One contained a stephanotis, Gavin observed, and one a fern. Both plants looked decidedly sick. The stephanotis was glistening with sticky drops – many leaves were discoloured, and one
fell even as he watched. ‘Looks like scale,’ he said, and just caught the coffee in time.

‘That’s what it is: the fern’s got it too. Caught it – it’s wildly infectious.’

‘Yes, I know.’ Gavin put the coffee back on the gas determined to watch it whatever Harry said or did.

‘He knows that perfectly well. If I’ve told him once, I’ve told him a hundred times. I’ve said, “
Don’t
just buy any old plant off a stall, and if you
do,
quarantine
it for a couple of weeks.” Does his Lordship take a blind bit of notice?’

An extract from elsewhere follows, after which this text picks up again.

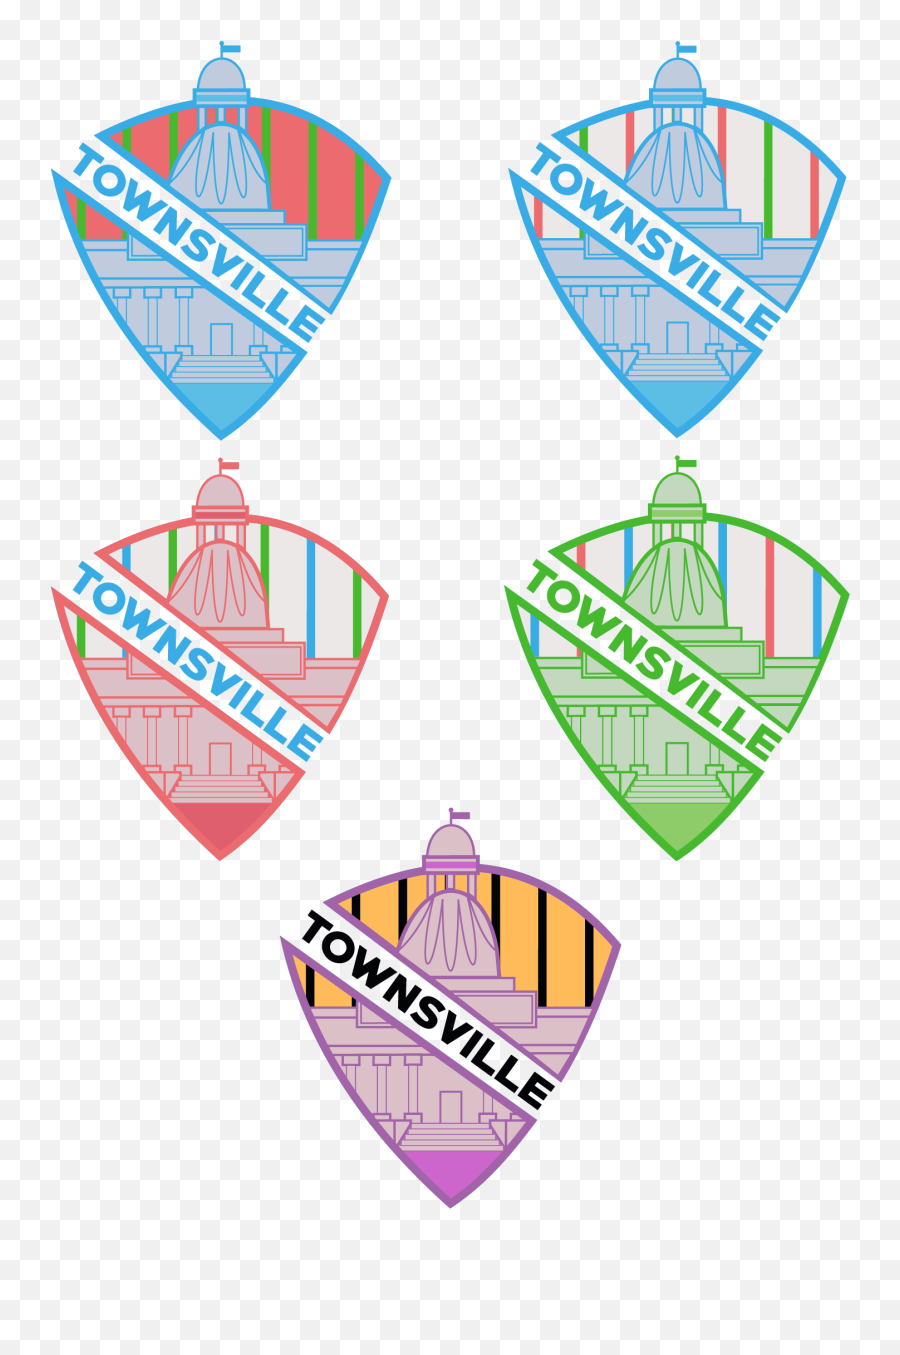 Cartoon Network Soccer Logos - Concepts Chris Creameru0027s Vertical Png,The Powerpuff Girls Logo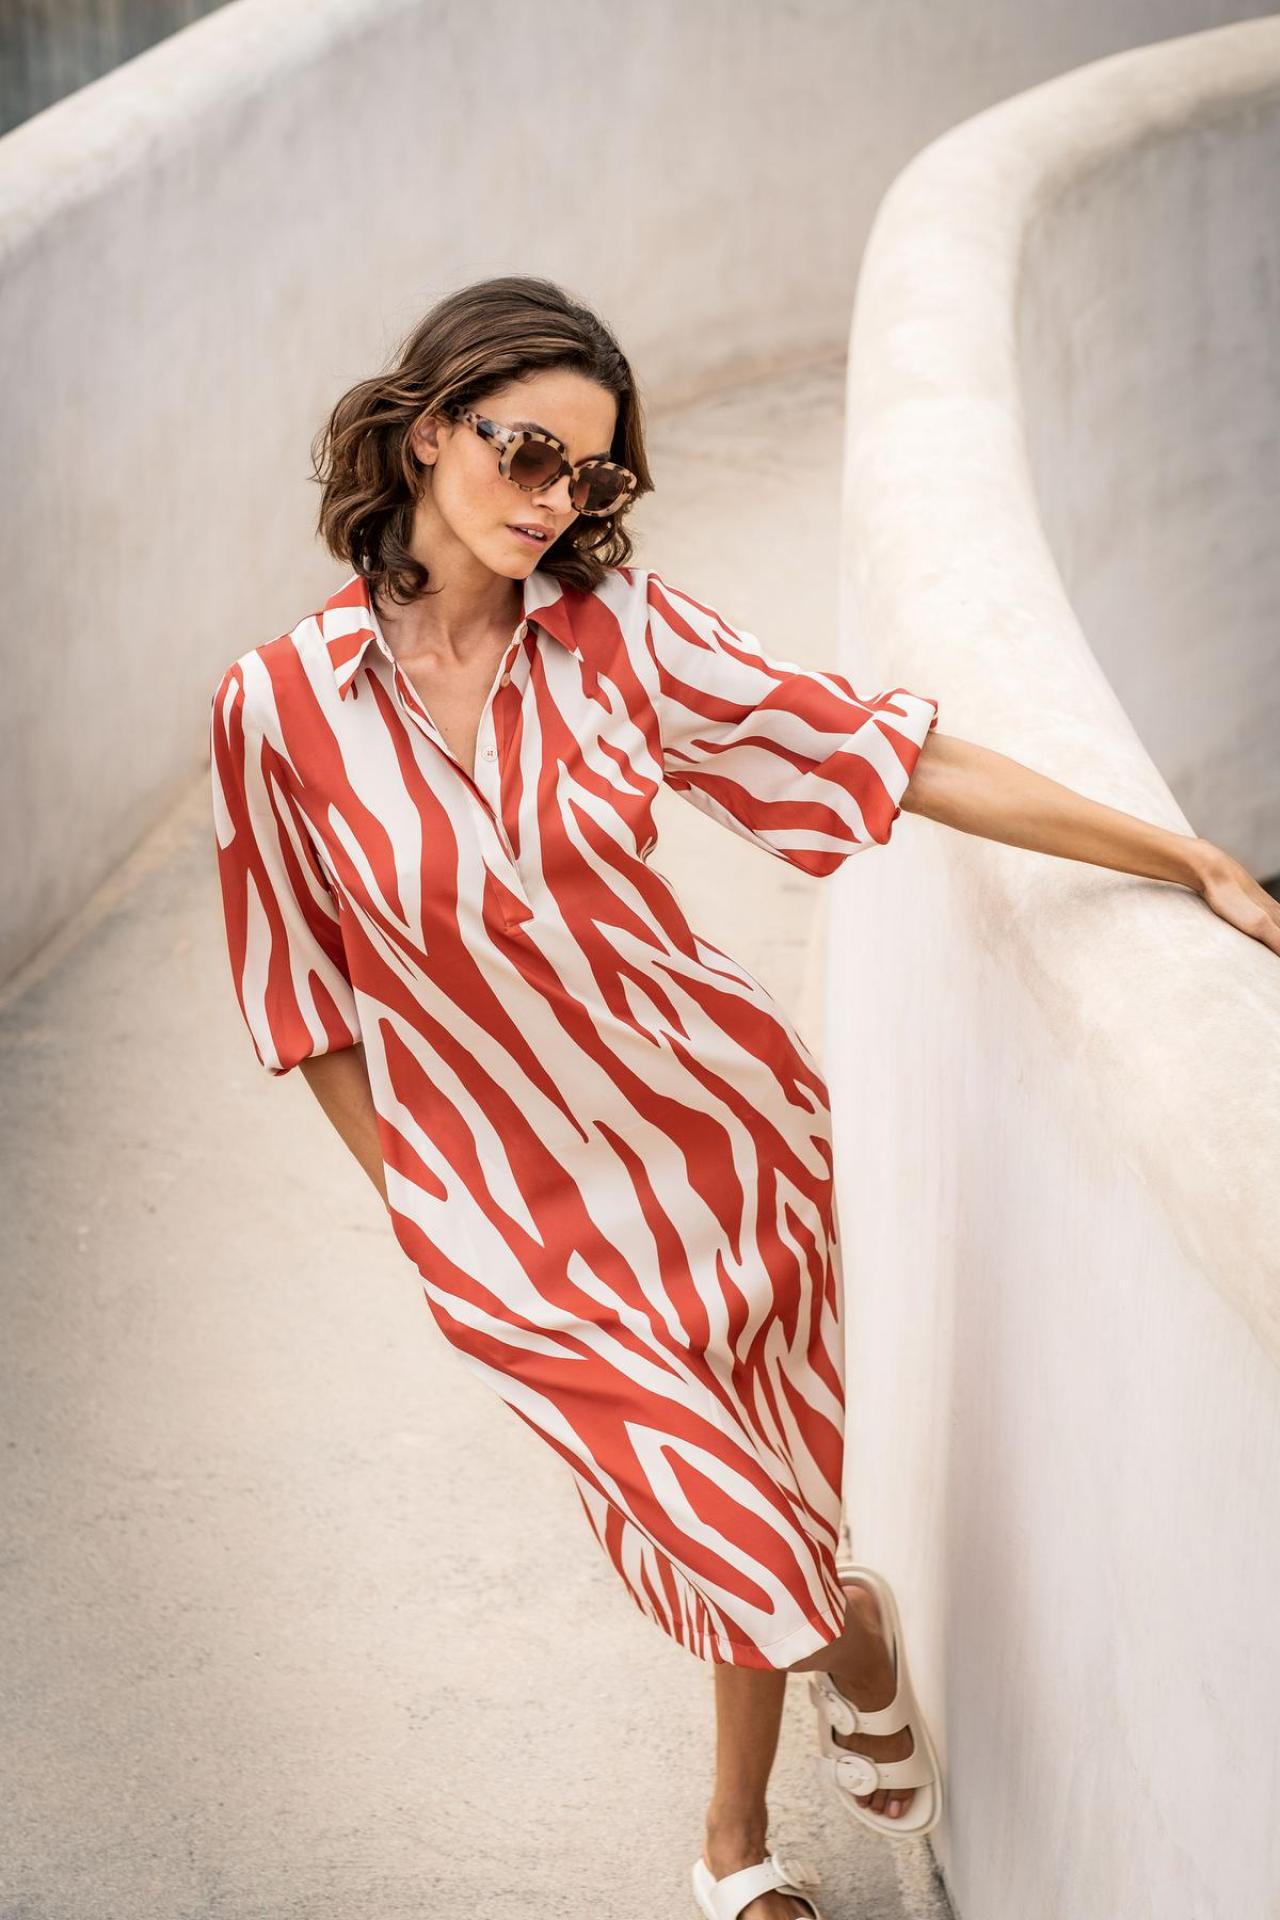 Comfortabele jurk met polosluiting en rood-witte zebrastrepen (159,90 euro), van Terre Bleue.

‘You can try sponging the leaves with a weak solution of paraffin and water. But I’ve never got rid of scale myself. I think the coffee’s ready.’

‘I’ll make
him
do it. He loathes paraffin: serve him right.’

Harry had the wrong face for looking vindictive: with his small, nervous eyes, his long nose quivering, his narrow mouth braced with resentment, he only succeeded in looking like an anxious rat.
Gavin who had owned a white one when he was considerably younger felt a surge of affectionate nostalgia.

‘If you’ve got some rubber gloves handy, I’ll have a go. Can’t get paraffin on my hands, the clients wouldn’t like it.’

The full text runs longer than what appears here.